• Activity
Every entry must come back exactly as it was given.
◆ ◆ ◆ ◆ ◆
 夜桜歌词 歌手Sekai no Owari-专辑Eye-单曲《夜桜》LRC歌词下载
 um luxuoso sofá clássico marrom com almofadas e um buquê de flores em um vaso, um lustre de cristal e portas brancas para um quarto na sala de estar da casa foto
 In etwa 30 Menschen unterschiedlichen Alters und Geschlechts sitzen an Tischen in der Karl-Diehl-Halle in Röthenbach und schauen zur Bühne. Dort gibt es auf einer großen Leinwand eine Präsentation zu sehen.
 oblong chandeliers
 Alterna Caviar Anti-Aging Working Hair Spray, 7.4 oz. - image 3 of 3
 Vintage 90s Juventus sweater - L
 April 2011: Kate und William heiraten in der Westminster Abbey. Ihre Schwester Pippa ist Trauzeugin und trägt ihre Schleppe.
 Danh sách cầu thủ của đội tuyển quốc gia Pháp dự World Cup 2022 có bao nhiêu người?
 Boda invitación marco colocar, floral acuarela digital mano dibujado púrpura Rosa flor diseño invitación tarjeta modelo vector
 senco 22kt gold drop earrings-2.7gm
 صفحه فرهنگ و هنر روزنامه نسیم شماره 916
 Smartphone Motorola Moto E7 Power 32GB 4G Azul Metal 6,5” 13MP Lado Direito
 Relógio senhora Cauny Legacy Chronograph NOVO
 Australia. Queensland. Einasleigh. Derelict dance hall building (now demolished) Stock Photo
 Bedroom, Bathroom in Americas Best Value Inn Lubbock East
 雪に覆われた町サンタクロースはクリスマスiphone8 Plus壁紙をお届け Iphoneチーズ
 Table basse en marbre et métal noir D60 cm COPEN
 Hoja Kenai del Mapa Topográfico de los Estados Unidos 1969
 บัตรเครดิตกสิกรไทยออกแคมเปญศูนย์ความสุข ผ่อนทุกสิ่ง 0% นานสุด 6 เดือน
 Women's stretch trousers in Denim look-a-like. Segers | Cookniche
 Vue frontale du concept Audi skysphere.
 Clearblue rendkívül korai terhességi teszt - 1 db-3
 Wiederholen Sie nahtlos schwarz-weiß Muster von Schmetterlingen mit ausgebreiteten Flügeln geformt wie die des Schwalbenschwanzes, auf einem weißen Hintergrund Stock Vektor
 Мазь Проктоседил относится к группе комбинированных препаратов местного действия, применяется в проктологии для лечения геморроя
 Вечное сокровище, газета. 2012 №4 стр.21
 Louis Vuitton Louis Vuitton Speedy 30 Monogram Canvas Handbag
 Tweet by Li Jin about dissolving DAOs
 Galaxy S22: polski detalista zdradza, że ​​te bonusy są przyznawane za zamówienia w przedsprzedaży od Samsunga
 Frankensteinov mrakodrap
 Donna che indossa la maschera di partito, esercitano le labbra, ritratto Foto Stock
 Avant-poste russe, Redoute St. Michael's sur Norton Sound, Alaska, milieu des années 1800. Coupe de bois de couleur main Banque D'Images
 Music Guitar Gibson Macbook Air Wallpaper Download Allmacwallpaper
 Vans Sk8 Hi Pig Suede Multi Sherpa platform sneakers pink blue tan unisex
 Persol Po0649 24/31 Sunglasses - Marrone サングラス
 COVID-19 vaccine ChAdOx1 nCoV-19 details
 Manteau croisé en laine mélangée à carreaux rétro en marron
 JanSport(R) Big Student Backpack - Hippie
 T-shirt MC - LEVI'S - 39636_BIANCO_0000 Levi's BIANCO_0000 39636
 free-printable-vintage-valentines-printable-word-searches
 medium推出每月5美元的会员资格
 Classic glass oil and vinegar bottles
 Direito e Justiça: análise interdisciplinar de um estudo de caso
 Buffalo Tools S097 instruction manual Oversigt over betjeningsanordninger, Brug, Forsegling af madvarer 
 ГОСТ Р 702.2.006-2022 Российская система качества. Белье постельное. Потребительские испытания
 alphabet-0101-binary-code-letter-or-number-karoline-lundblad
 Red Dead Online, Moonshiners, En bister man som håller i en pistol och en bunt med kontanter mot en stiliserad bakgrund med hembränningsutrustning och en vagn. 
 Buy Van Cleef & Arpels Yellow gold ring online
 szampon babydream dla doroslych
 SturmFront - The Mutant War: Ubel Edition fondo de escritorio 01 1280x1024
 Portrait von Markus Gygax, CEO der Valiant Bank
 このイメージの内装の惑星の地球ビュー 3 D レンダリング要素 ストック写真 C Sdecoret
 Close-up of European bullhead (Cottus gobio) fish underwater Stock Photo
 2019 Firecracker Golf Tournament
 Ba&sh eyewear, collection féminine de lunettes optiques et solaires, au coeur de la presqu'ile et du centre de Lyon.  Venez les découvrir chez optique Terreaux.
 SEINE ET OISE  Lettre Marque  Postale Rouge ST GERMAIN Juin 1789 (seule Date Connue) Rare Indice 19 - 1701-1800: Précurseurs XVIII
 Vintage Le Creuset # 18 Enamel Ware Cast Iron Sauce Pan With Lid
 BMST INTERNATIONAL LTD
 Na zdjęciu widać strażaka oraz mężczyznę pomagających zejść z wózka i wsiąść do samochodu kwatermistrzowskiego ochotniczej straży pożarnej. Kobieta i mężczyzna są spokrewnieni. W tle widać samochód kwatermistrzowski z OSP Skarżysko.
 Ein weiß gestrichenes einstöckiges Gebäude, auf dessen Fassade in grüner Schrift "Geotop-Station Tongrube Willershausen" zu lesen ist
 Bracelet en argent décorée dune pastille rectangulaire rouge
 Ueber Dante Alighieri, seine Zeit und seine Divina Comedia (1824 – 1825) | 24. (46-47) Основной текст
◆ ◆ ◆ ◆ ◆
• Written solution
 夜桜歌词 歌手Sekai no Owari-专辑Eye-单曲《夜桜》LRC歌词下载
 um luxuoso sofá clássico marrom com almofadas e um buquê de flores em um vaso, um lustre de cristal e portas brancas para um quarto na sala de estar da casa foto
 In etwa 30 Menschen unterschiedlichen Alters und Geschlechts sitzen an Tischen in der Karl-Diehl-Halle in Röthenbach und schauen zur Bühne. Dort gibt es auf einer großen Leinwand eine Präsentation zu sehen.
 oblong chandeliers
 Alterna Caviar Anti-Aging Working Hair Spray, 7.4 oz. - image 3 of 3
 Vintage 90s Juventus sweater - L
 April 2011: Kate und William heiraten in der Westminster Abbey. Ihre Schwester Pippa ist Trauzeugin und trägt ihre Schleppe.
 Danh sách cầu thủ của đội tuyển quốc gia Pháp dự World Cup 2022 có bao nhiêu người?
 Boda invitación marco colocar, floral acuarela digital mano dibujado púrpura Rosa flor diseño invitación tarjeta modelo vector
 senco 22kt gold drop earrings-2.7gm
 صفحه فرهنگ و هنر روزنامه نسیم شماره 916
 Smartphone Motorola Moto E7 Power 32GB 4G Azul Metal 6,5” 13MP Lado Direito
 Relógio senhora Cauny Legacy Chronograph NOVO
 Australia. Queensland. Einasleigh. Derelict dance hall building (now demolished) Stock Photo
 Bedroom, Bathroom in Americas Best Value Inn Lubbock East
 雪に覆われた町サンタクロースはクリスマスiphone8 Plus壁紙をお届け Iphoneチーズ
 Table basse en marbre et métal noir D60 cm COPEN
 Hoja Kenai del Mapa Topográfico de los Estados Unidos 1969
 บัตรเครดิตกสิกรไทยออกแคมเปญศูนย์ความสุข ผ่อนทุกสิ่ง 0% นานสุด 6 เดือน
 Women's stretch trousers in Denim look-a-like. Segers | Cookniche
 Vue frontale du concept Audi skysphere.
 Clearblue rendkívül korai terhességi teszt - 1 db-3
 Wiederholen Sie nahtlos schwarz-weiß Muster von Schmetterlingen mit ausgebreiteten Flügeln geformt wie die des Schwalbenschwanzes, auf einem weißen Hintergrund Stock Vektor
 Мазь Проктоседил относится к группе комбинированных препаратов местного действия, применяется в проктологии для лечения геморроя
 Вечное сокровище, газета. 2012 №4 стр.21
 Louis Vuitton Louis Vuitton Speedy 30 Monogram Canvas Handbag
 Tweet by Li Jin about dissolving DAOs
 Galaxy S22: polski detalista zdradza, że ​​te bonusy są przyznawane za zamówienia w przedsprzedaży od Samsunga
 Frankensteinov mrakodrap
 Donna che indossa la maschera di partito, esercitano le labbra, ritratto Foto Stock
 Avant-poste russe, Redoute St. Michael's sur Norton Sound, Alaska, milieu des années 1800. Coupe de bois de couleur main Banque D'Images
 Music Guitar Gibson Macbook Air Wallpaper Download Allmacwallpaper
 Vans Sk8 Hi Pig Suede Multi Sherpa platform sneakers pink blue tan unisex
 Persol Po0649 24/31 Sunglasses - Marrone サングラス
 COVID-19 vaccine ChAdOx1 nCoV-19 details
 Manteau croisé en laine mélangée à carreaux rétro en marron
 JanSport(R) Big Student Backpack - Hippie
 T-shirt MC - LEVI'S - 39636_BIANCO_0000 Levi's BIANCO_0000 39636
 free-printable-vintage-valentines-printable-word-searches
 medium推出每月5美元的会员资格
 Classic glass oil and vinegar bottles
 Direito e Justiça: análise interdisciplinar de um estudo de caso
 Buffalo Tools S097 instruction manual Oversigt over betjeningsanordninger, Brug, Forsegling af madvarer 
 ГОСТ Р 702.2.006-2022 Российская система качества. Белье постельное. Потребительские испытания
 alphabet-0101-binary-code-letter-or-number-karoline-lundblad
 Red Dead Online, Moonshiners, En bister man som håller i en pistol och en bunt med kontanter mot en stiliserad bakgrund med hembränningsutrustning och en vagn. 
 Buy Van Cleef & Arpels Yellow gold ring online
 szampon babydream dla doroslych
 SturmFront - The Mutant War: Ubel Edition fondo de escritorio 01 1280x1024
 Portrait von Markus Gygax, CEO der Valiant Bank
 このイメージの内装の惑星の地球ビュー 3 D レンダリング要素 ストック写真 C Sdecoret
 Close-up of European bullhead (Cottus gobio) fish underwater Stock Photo
 2019 Firecracker Golf Tournament
 Ba&sh eyewear, collection féminine de lunettes optiques et solaires, au coeur de la presqu'ile et du centre de Lyon.  Venez les découvrir chez optique Terreaux.
 SEINE ET OISE  Lettre Marque  Postale Rouge ST GERMAIN Juin 1789 (seule Date Connue) Rare Indice 19 - 1701-1800: Précurseurs XVIII
 Vintage Le Creuset # 18 Enamel Ware Cast Iron Sauce Pan With Lid
 BMST INTERNATIONAL LTD
 Na zdjęciu widać strażaka oraz mężczyznę pomagających zejść z wózka i wsiąść do samochodu kwatermistrzowskiego ochotniczej straży pożarnej. Kobieta i mężczyzna są spokrewnieni. W tle widać samochód kwatermistrzowski z OSP Skarżysko.
 Ein weiß gestrichenes einstöckiges Gebäude, auf dessen Fassade in grüner Schrift "Geotop-Station Tongrube Willershausen" zu lesen ist
 Bracelet en argent décorée dune pastille rectangulaire rouge
 Ueber Dante Alighieri, seine Zeit und seine Divina Comedia (1824 – 1825) | 24. (46-47) Основной текст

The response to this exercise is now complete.